Speak to the organizer sooner rather than later, and say you are unable to host, but perhaps offer to help in other ways, during the visit?

Madcats · 26/07/2019 17:22

DD's club (GB) has a long-established exchange programme with a club in Europe.

This year it didn't happen because they realised that most of the prospective hosts had DC in the 10-13 age range and they would have had to host DC 15+. It didn't help that the date clashed with ski trips etc. and it would have been a boy-heavy group staying with girl-heavy families.

It sounds as if you DD is too young to join in the exchange for a couple of years.

sackrifice · 26/07/2019 17:23

'Hi, no we can't. Did you not think to make sure they had somewhere to stay before inviting them?'

bbcessex · 26/07/2019 17:25

@Riverviews agreed - we've hosted twice - it is a complete pain in the arse - you definitely have to adapt your plans & family life to accommodate if you do it well, and also yes, we were not CRB checked.

My DS, 15 at the time, ended up on his return visit with a family where the mum & dad had just separated but still living in the same house.. he said the atmosphere was horrendous and the exchangee he was staying with was (understandably) upset and withdrawn.

Glad those days are behind us 😱

GETTINGLIKEMYMOTHER · 26/07/2019 17:25

'Sorry, but it's not possible. We simply don't have the room.'

And repeat as/if necessary. But say it yourself, not via your dd - it's easier for a steamroller to bully or intimidate a child into agreeing.

jennymanara · 26/07/2019 17:27

Say no. Be aware though that this kind of thing usually means kids get a chance to go abroad and stay with families abroad. So don't complain if your DC can not go.

Jaxhog · 26/07/2019 17:27

Say no, and say it now before things go any further. If its a problem for her, let her put them up. Stand firm and don't let her bully you.

I hate people who commit you to something without getting your agreement first. It is totally unreasonable.

Isthisafreename · 26/07/2019 17:31

@FeelingForced - They're a very senior person in this particular field and are used to having people follow their bidding without argument.
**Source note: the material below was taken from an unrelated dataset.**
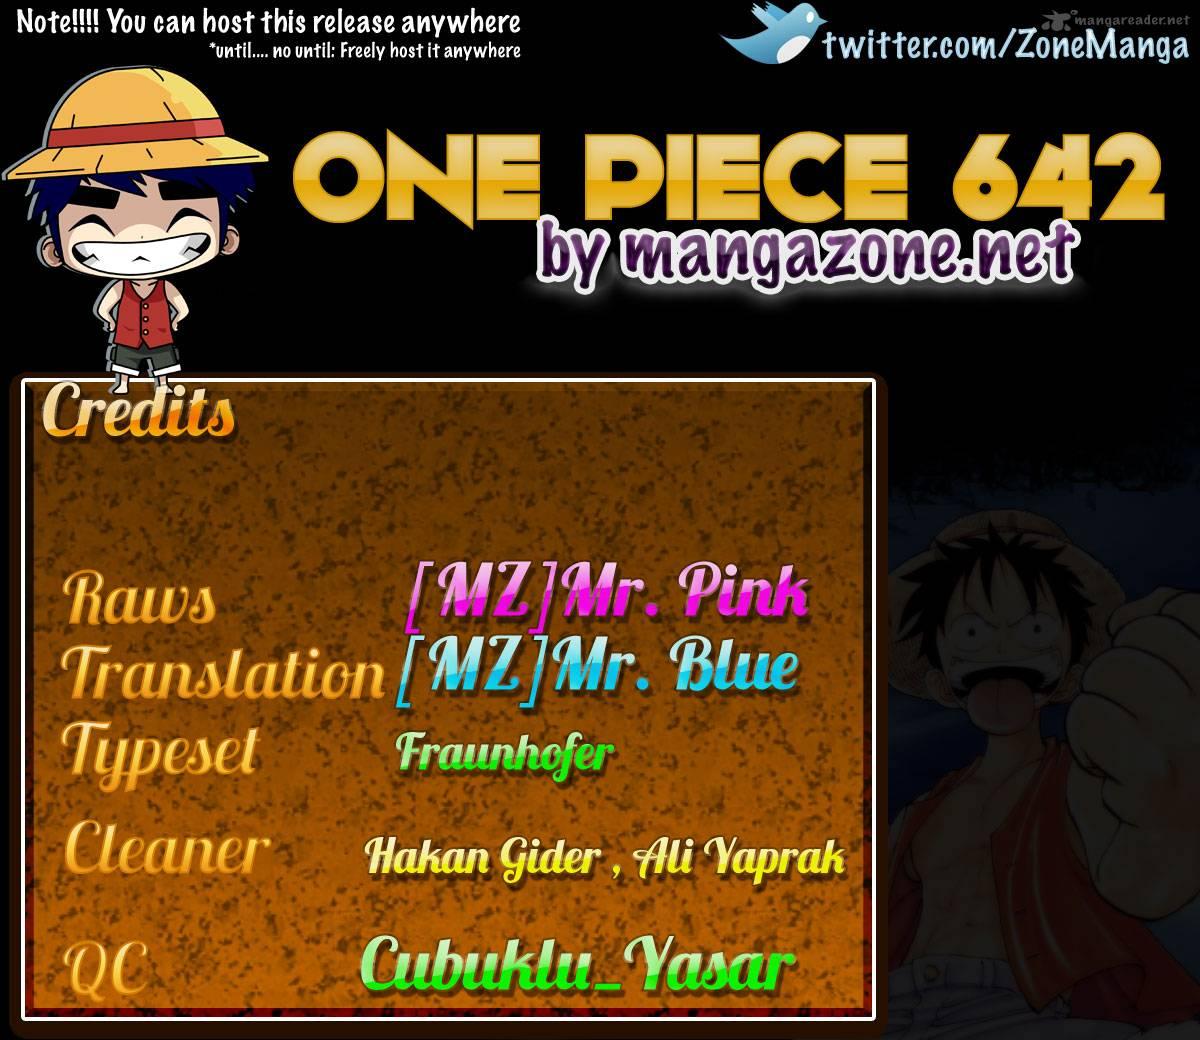 One Piece 642

Tae kwondo? My experience with that is the master generally has a God complex, with a number of sycophants below who have mini God complexes.

I agree with pp's - it's very unfortunate but it's just not possible at the time. Normally, you would make it work, but the timing just prevents that. It's really a shame, but what can you do. Etc, etc.

GrabbyGertie · 26/07/2019 17:32

I’d just say that you can’t and leave it at that. I don’t see that it needs anymore thought.

Puzzledandpissedoff · 26/07/2019 17:35

Did you not think to make sure they had somewhere to stay before inviting them?'

Good sentence that - and a handy one to use if you feel like giving anything other than a simple "no"

ControversialFerret · 26/07/2019 17:38

Dear Overbearing Club Leader,

DD has told me that you require us to host an exchange student in . This is to let you know that it will not be possible for us to accomodate a visitor. I don't have anywhere for a guest to sleep and my other child has exams during this period so any disruption needs to be avoided. I am sure you understand; best of luck with the exchange arrangements.

BackforGood · 26/07/2019 17:39

Just be clear that you won't be able to host anyone at that time, as your ds's exams at at this time. You could suggest that if they'd wanted people to host, then perhaps they could have talked about it with the potential hosts first.
Speak directly to the adult though, and say you do not appreciate them passing messages through your dd, and your dd being made to feel bad for what isn't her decision.

I'm sure someone else will be happy to host two young people when the time comes.

TitianaTitsling · 26/07/2019 17:40

Does the club make money from this?

GrabbyGertie · 26/07/2019 17:40

Short and sweets is the way to go

Dear Overbearing Club Leader,

Just to confirm that we can’t host an exchange student.